The Men’s running data set

All the data is taken from http://www.alltime-athletics.com/men.htm
a website by Peter Larsson.
Women data can be obtained here: http://www.alltime-athletics.com/

This repository contains .txt files for the following events:
Men’s 100m
Men’s 200m
Men’s 400m
Men’s 800m
Men’s 1500m
Men’s 5000m
Men’s 10000m
Men’s Marathon

The .txt files contain in each row an entry similar to this example:
1 9.58 +0.9 Usain Bolt JAM 21.08.86 1 Berlin 16.08.2009
which encodes information like the position in the list (first entry) the time (second) the name (here fourth) and others.
Each file contains multiple thousand lines of results, i.e. the first thousand best performances in their sports.
Therefore, it is really the LIST OF BEST PERFORMANCES, NOT WORLD RECORDS.

Friendster data set

Click here to go to the Github repository. Summary from Github:

The following files include a compressed representation of the first 1 million users of the Friendster network in Matlab. All data is taken from Archive.org, where a complete copy of the Friendster network is stored (https://archive.org/details/archive-team-friendster). At Archive.org, the available files contain all profile data in html format. However, often it is not necessary to work with the complete profile data. We do not claim, that the presented data is correct, nor that it is complete. All profile information have been gather by using grep on the profile.html files. There are user profiles, which are not public and therefore, no information could be extracted. We did not differentiate between private profiles / deleted profiles / missing profiles.

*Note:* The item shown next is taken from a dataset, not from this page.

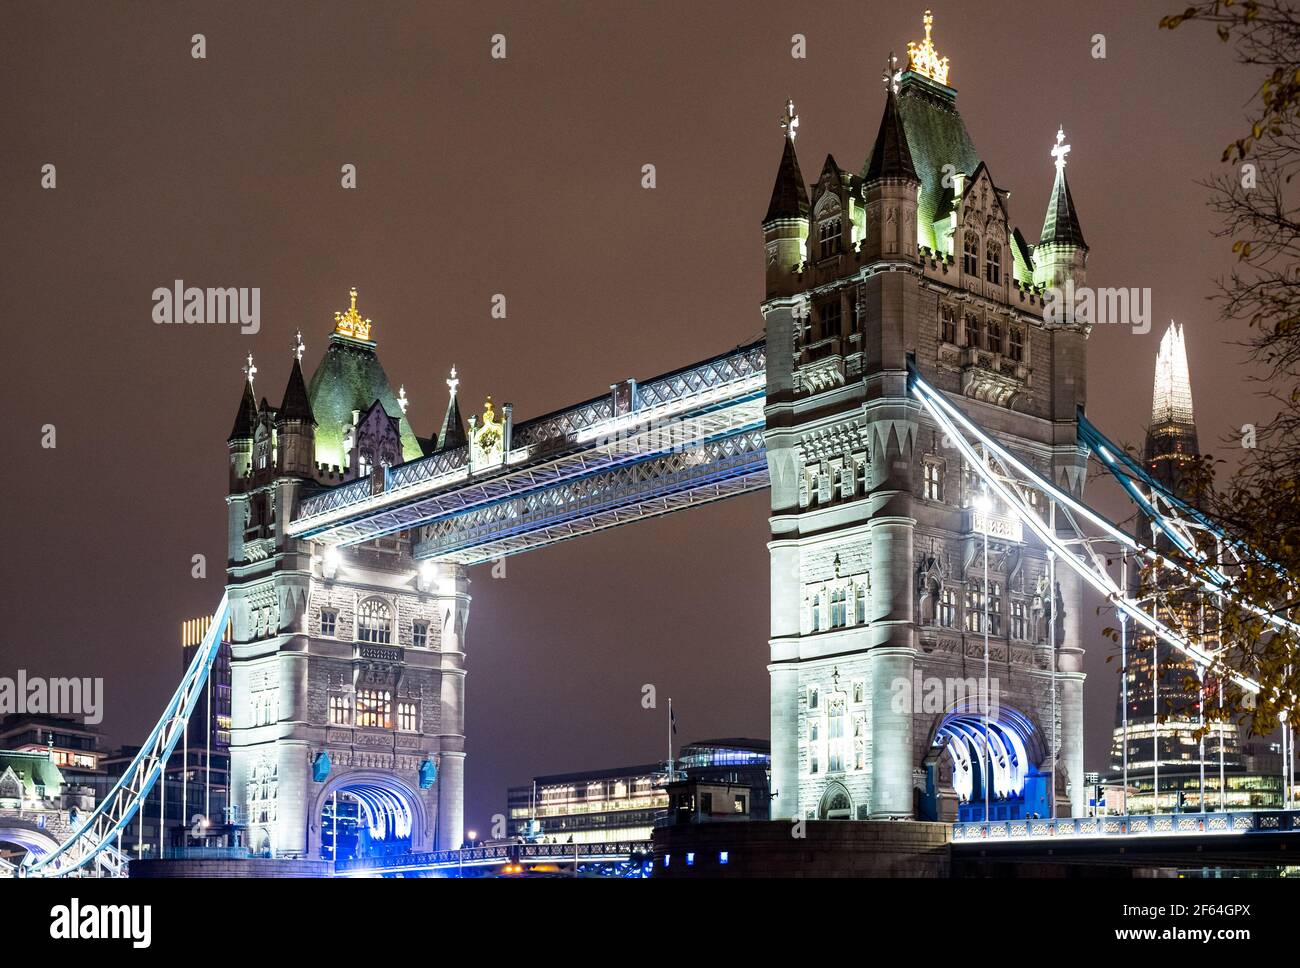 Vue nocturne du célèbre Tower Bridge dans la capitale de Londres Ville du Royaume-Uni - concept d'architecture et de voyage avec monument majestueux Banque D'Images
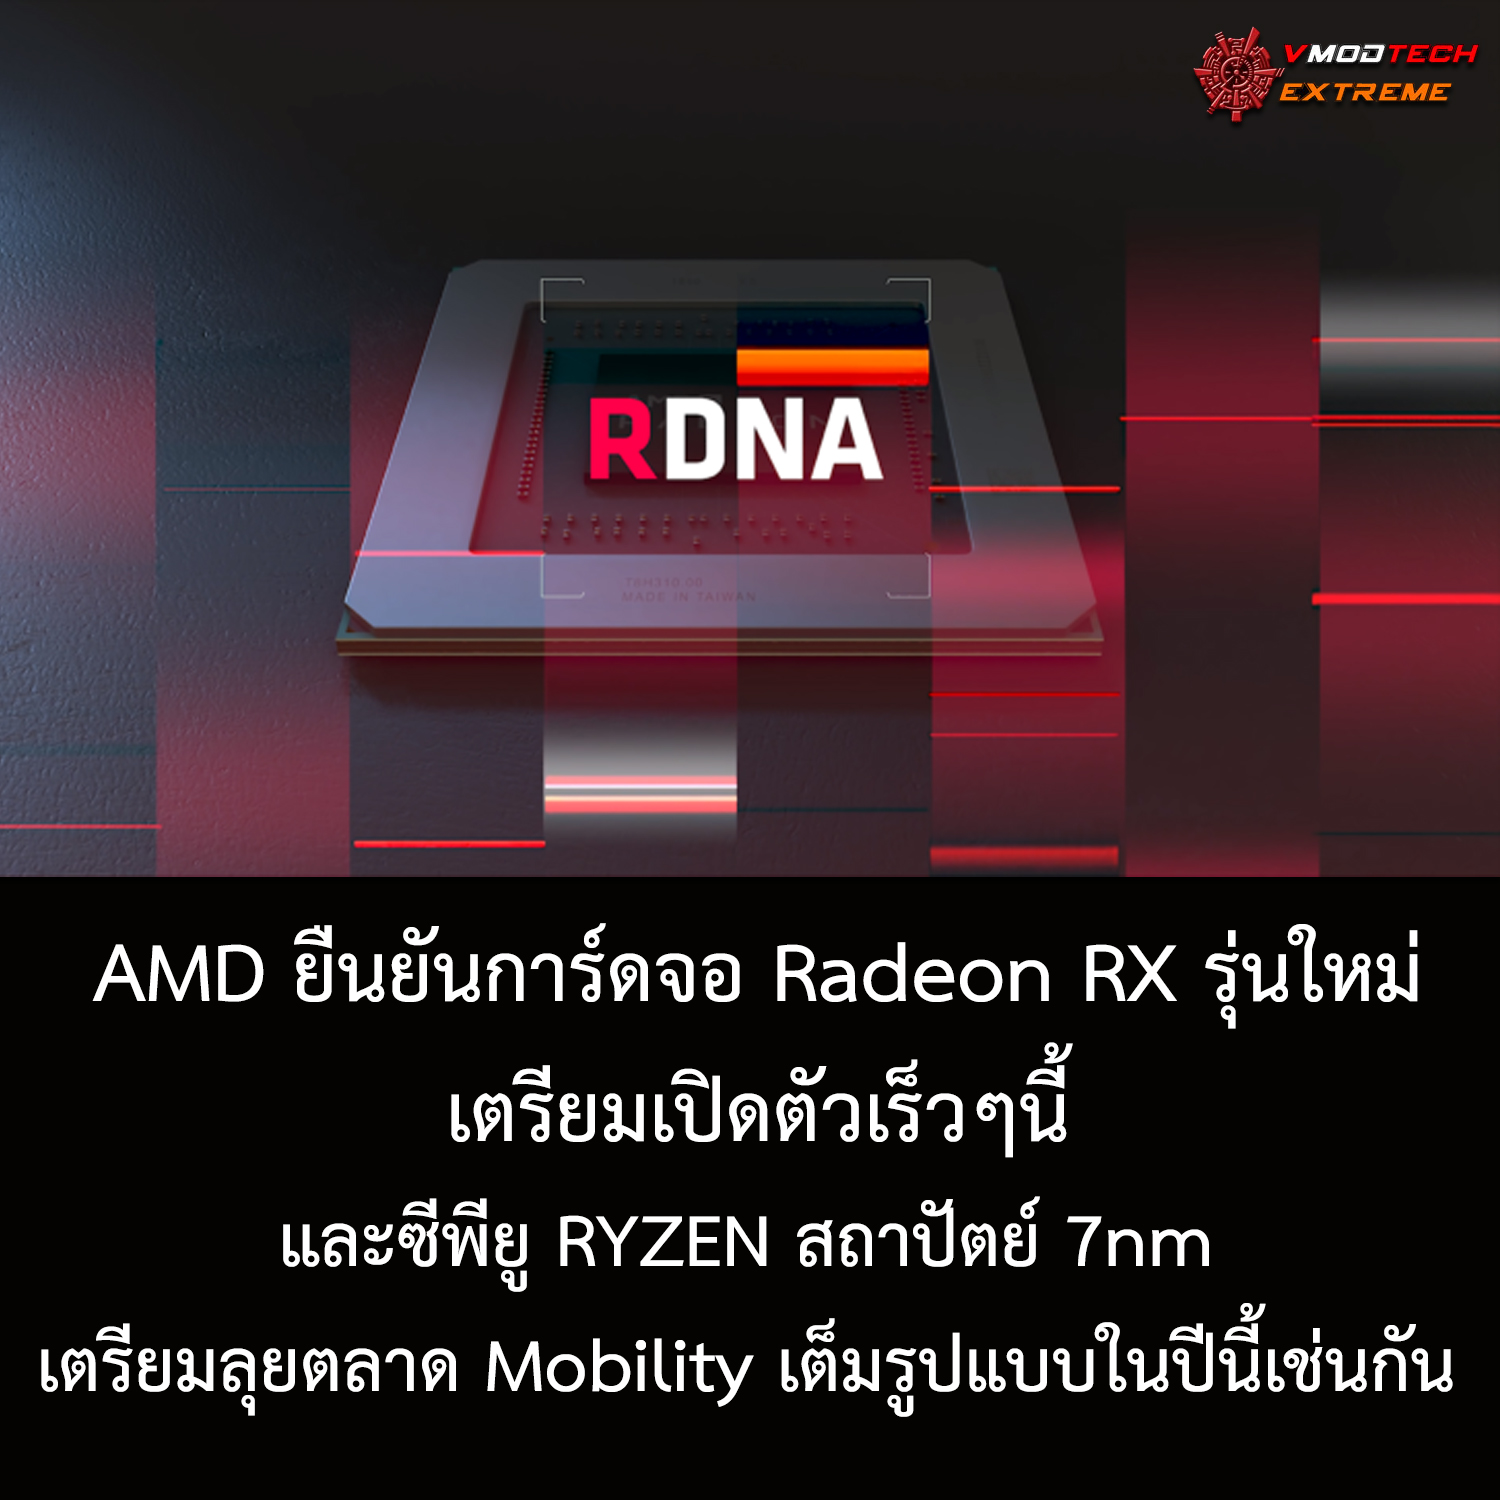 ยังไม่หยุด!! CEO ทางฝั่ง AMD ยืนยันการ์ดจอ Radeon RX รุ่นใหม่ระดับ Hi-End เตรียมเปิดตัวเร็วๆนี้และซีพียู RYZEN สถาปัตย์ 7nm เตรียมลุยตลาด Mobility เต็มรูปแบบในปีนี้เช่นกัน

Cities in Germany data set

Click here to go to the Github repository. Summary from Github:

We took the 79 largest cities of Germany from Wikipedia (https://en.wikipedia.org/wiki/List_of_cities_in_Germany_by_population). Using the Google Maps API, we calculated the distance for a road trip from one city to all other cities, repeating this process for every of the 79 cities. Therefore we obtain a matrix for the duration of a trip from one city to another, as well as for the distance. Additionally, we used the coordinates from the same Wikipedia article and the radius of the earth to compute the great-circle distance between two cities.

Airports data set

Click here to go to the Github repository. Summary from Github:

This README explains the content of FlightData.mat. FlightData.mat contains six different variables. It is a summary of “On-Flight Market Passengers Enplaned” arriving or leaving the US in the year 2010. Note, that the data is arranged in such a way, that the entries in Names are sorted according to the number of passengers leaving an Airport, meaning that sum(Traffic) is decreasing.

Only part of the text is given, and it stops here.